When mild, GVHD is a complex chronic disease in which the grafted immune system is at war with the host organs; however, GVHD is life-threatening when severe. It would be critical to solve the problem of GVHD should any immune cellular therapy be successful. One method developed to create tumor recognition without the complications of GVHD involved reprogramming autologous T cells to identify and eliminate malignant cells through tumor-specific antigen recognition. The reprogramming required harvesting T cells from the patient via apheresis, transporting the cells to a wet lab where they could be chemically modified, and then altering the cells by linking the extracellular antigen recognition domain from a monoclonal antibody fragment to the T cell’s intracellular signaling domains.9 This newly modified autologous T-cell antigen receptor complex would then be a fusion, or chimera, of 2 proteins, or CAR. While still in the lab, the newly created CAR-T cells could then be incubated, or more technically, activated, to expand their number.

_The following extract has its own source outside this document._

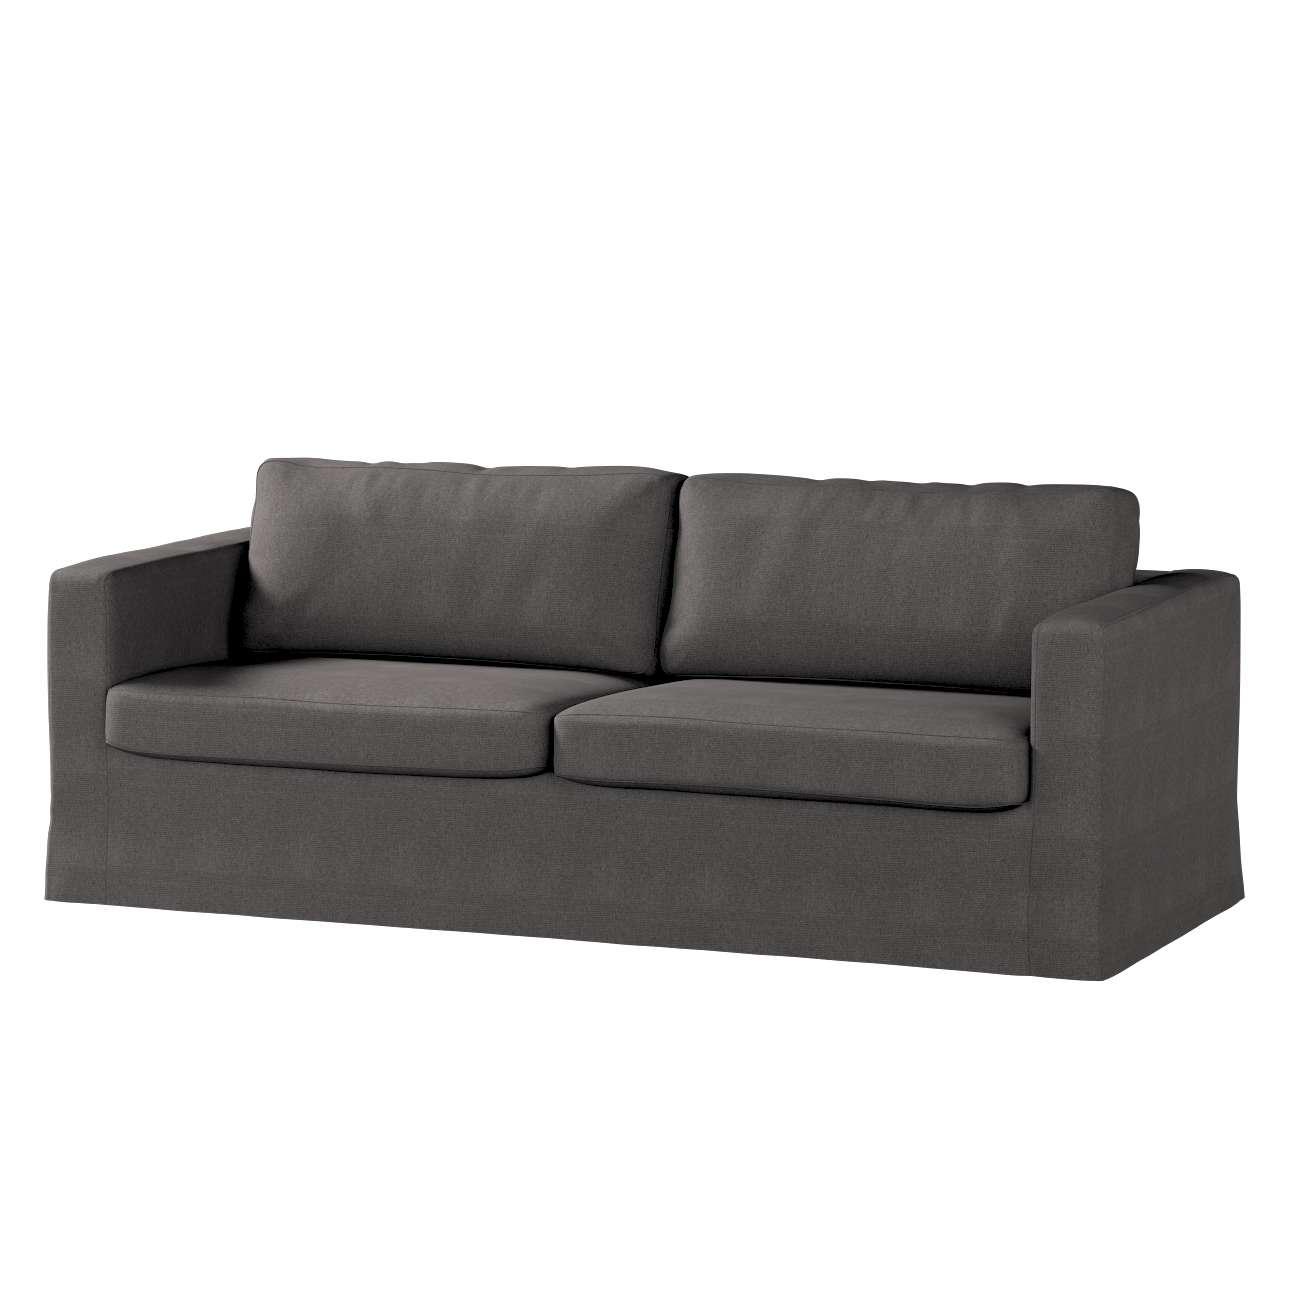 Pokrowiec na sofę Karlstad 3-osobową nierozkładaną, długi w kolekcji Etna, tkanina: 705-35

Once adequately expanded, the CAR-T cells could be re-infused into the patient, but only after the patient is primed with chemotherapy to deplete their own circulating lymphocytes, which might dilute the CAR-T cells’ effectiveness. T cells engineered to express such CARs engage an antigen on a tumor cell through the extracellular antibody domain, thereby activating the T cells in a major histocompatibility complex–independent manner.8 Stated less scientifically, CAR-T cells can stimulate potent cytotoxic immune responses without the negative consequences of GVHD.